We also became crazy about having sexual experiences in public places. At night, we would smoke, have sex in parks, and in a car downtown Toronto.
Recovery From Crystal Meth Is Possible
I didn’t want my daughters to have my legacy of a dead mom because of her addictions.
I knew I was dying, and I had a 3-year-old. I figured the only way I could help her NOT be like me was to stop. I didn’t think I could stop, and I didn’t think anything could work since I thought I was too far gone.
I decided to try stopping one last time.
Several treatment centers turned me away, but Windsor Life Centre actually gave me a chance. I graduated from their 12-month treatment program and am now four years clean. I am now working full-time within this treatment centre, helping others like myself.
I want them to know there is a person inside that craziness they see. Also, no matter how bad things get, there is always a way out.
I started drugs at 8, taking my mom’s prescription painkillers. By 14, I was on cocaine. At 21, I went back to painkillers. At 35, I was on crack, and I got into Heroin at 40.
I started doing meth at 43, and this whole crazy downward spiral only took a year and a bit. Although it ruined my life fast, it actually quickened my recovery.
I was drugging my whole life, through pregnancies, college, and great jobs. Until I Started smoking meth, I never really felt despair. Before starting meth, I had been to prison, and it didn’t affect me like the depth of self-hatred and the demonic realm I felt with meth. I was never afraid of death, but I felt dead for the first time on meth.
Yet, if any drug was to suck me back in, meth would be it. That is the messed up thing. As much as I know the craziness, I can still remember the on top of the world feeling it first gave.
I won’t go back because I am way too stubborn, but sometimes the mind wants to remember and glorify that small window of time in the beginning.
Adjusting To Life After Crystal Meth
Sobriety is not exciting like drug life. I don’t have to live in constant high alert. I’m not chasing after a high or experiencing the thrill of the adrenaline rush of getting caught.
But now, I get to experience love and true joys. I find my own happiness, and I can look into my children’s eyes and love what I see looking back at me.

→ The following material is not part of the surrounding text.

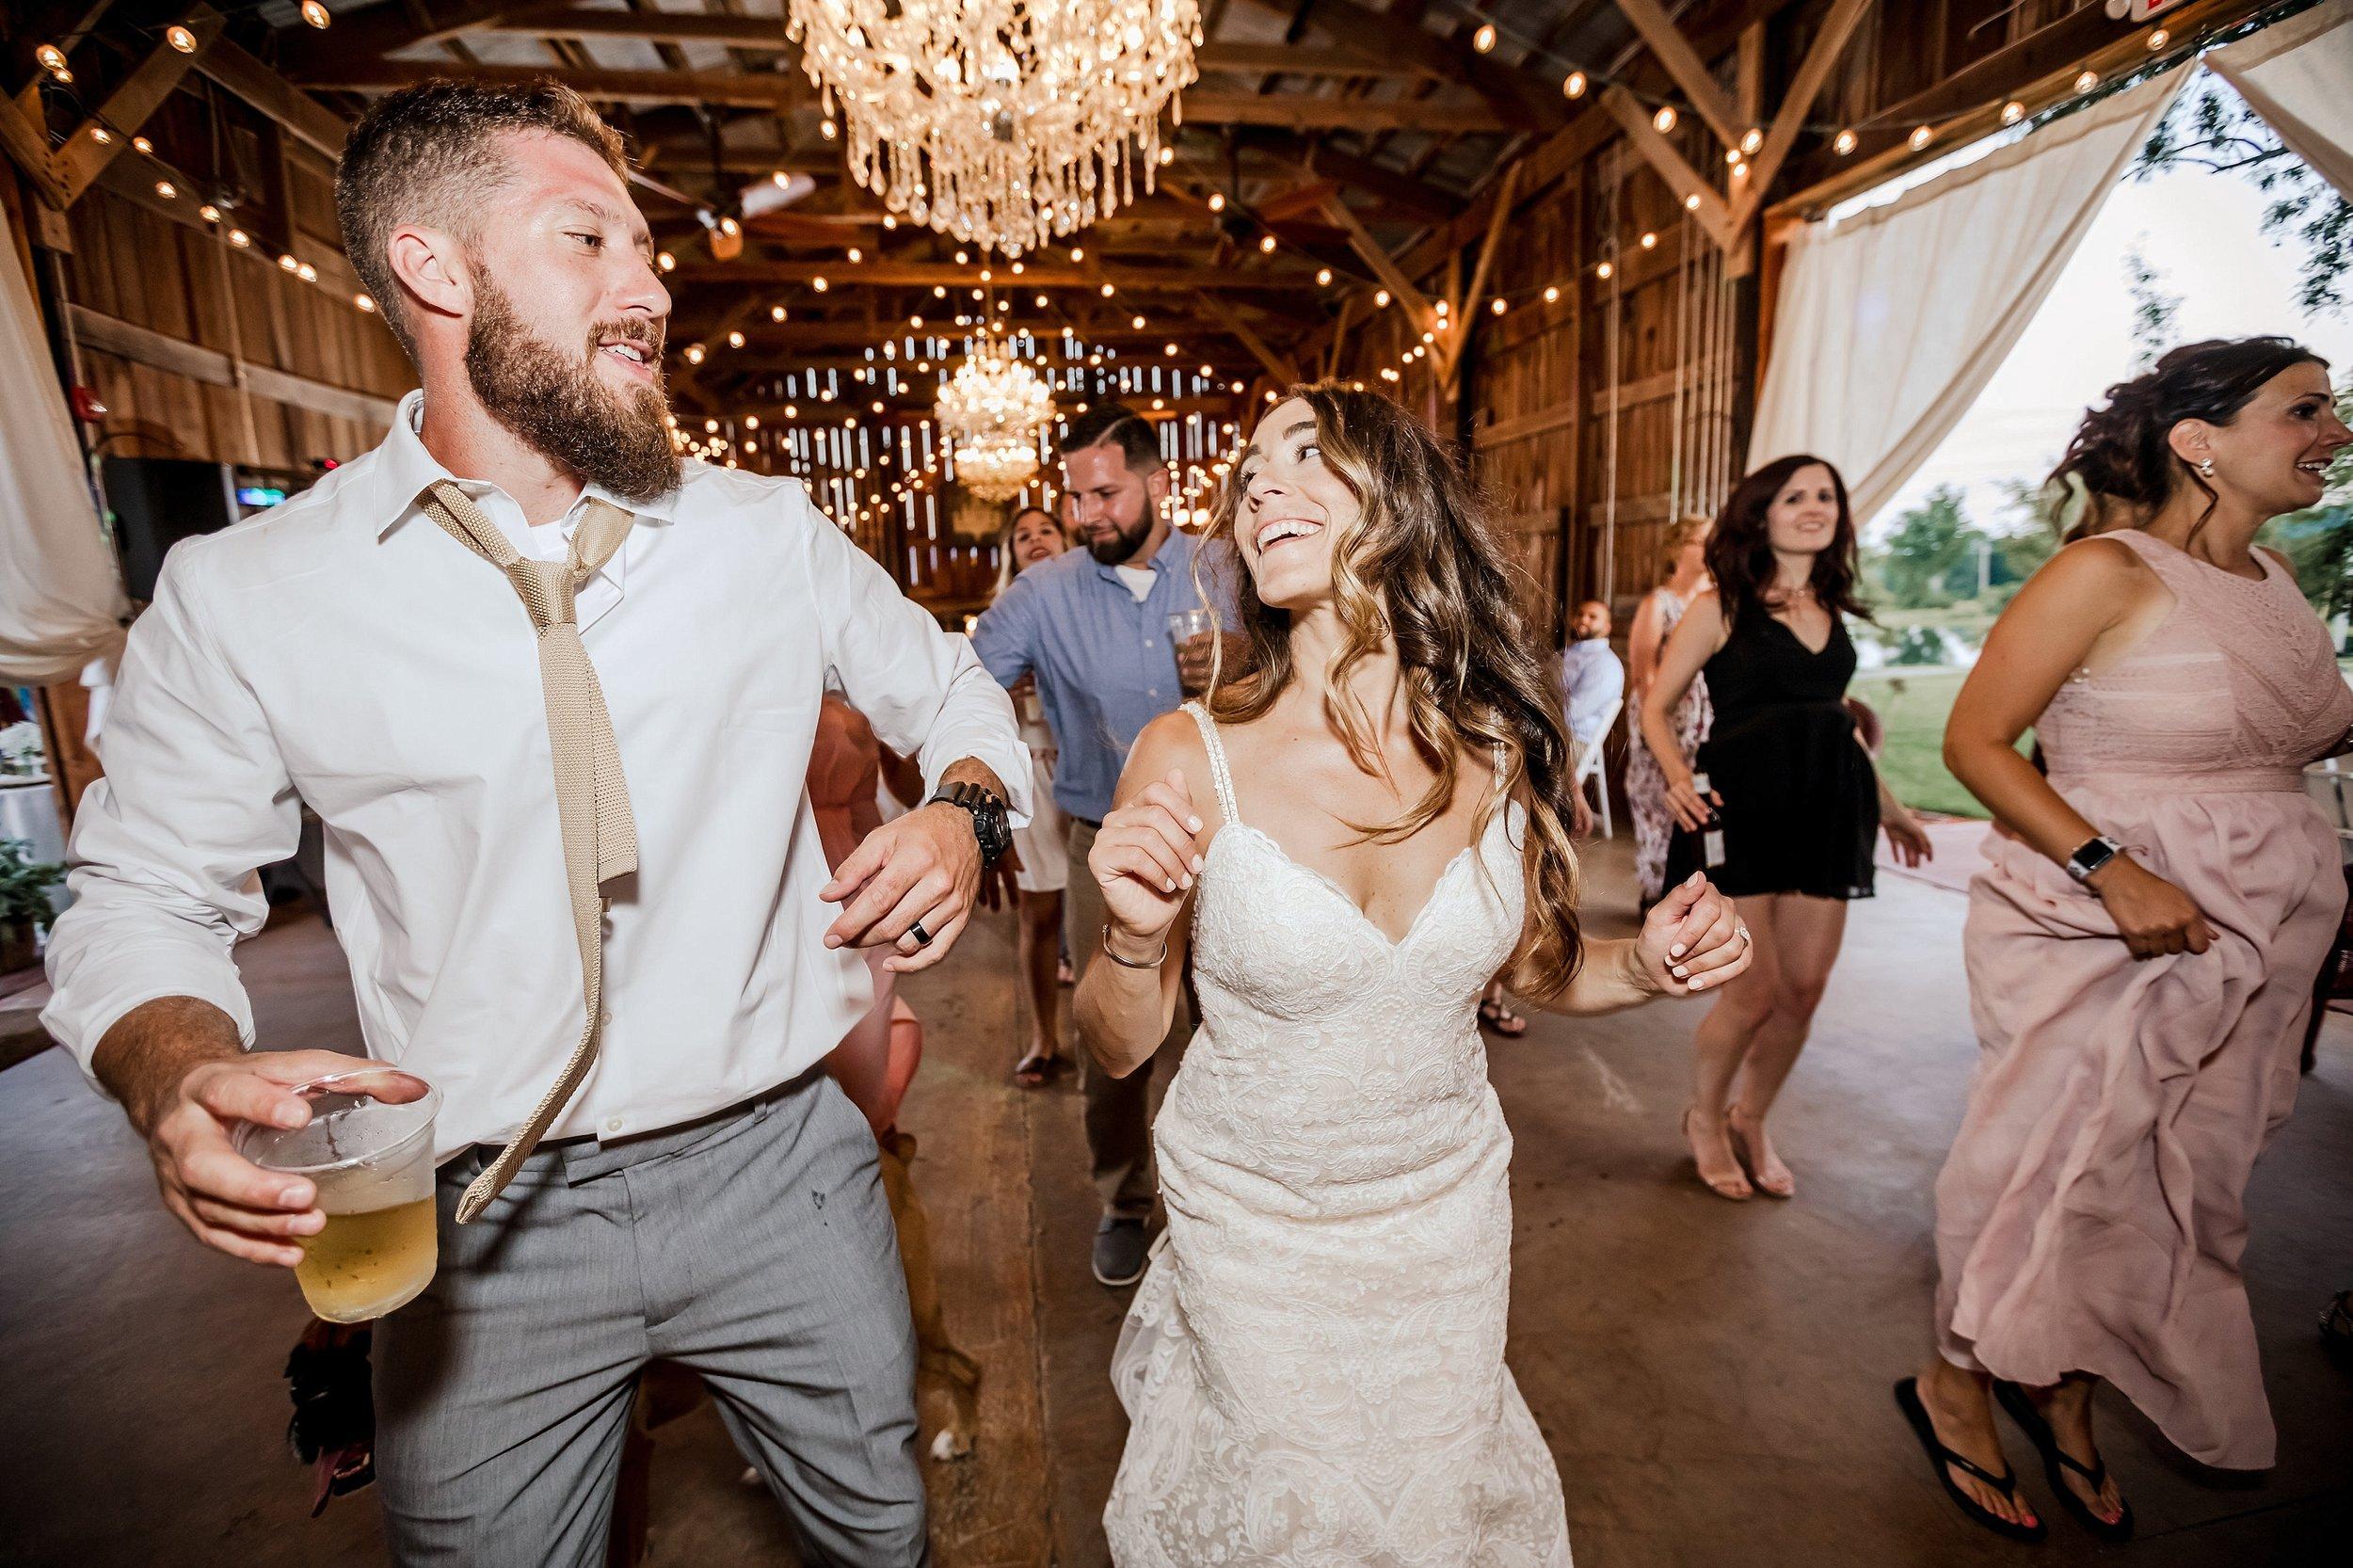 Gilbertsville-Farmhouse-Wedding-Photographer_0006.jpg

I laugh now and feel things that aren’t just negative feelings. I do miss the rush and the craziness at times, but I am experiencing many new and wonderful things now. I still love speed now, I just get it in a go-cart or as a passenger in a car.
It is hard to not live in chaos when that is all you have ever known. The excitement is definitely a hard thing to let go of. You just have to find within yourself ways to find the joys and embrace the change. Life is not meant to be a heartbeat away from a heart attack, and constant chaos, and turmoil.
My best comparison for someone who has never used drugs would be the COVID-19 lockdown. You go from the hustle and bustle to nothing. It’s quiet days at home, no traffic, no hustle, no bustle, and no excitement… just quiet.
You can sit in the quietness and feel sorry for yourself, or you can paint the house, learn to cook, and find enjoyment.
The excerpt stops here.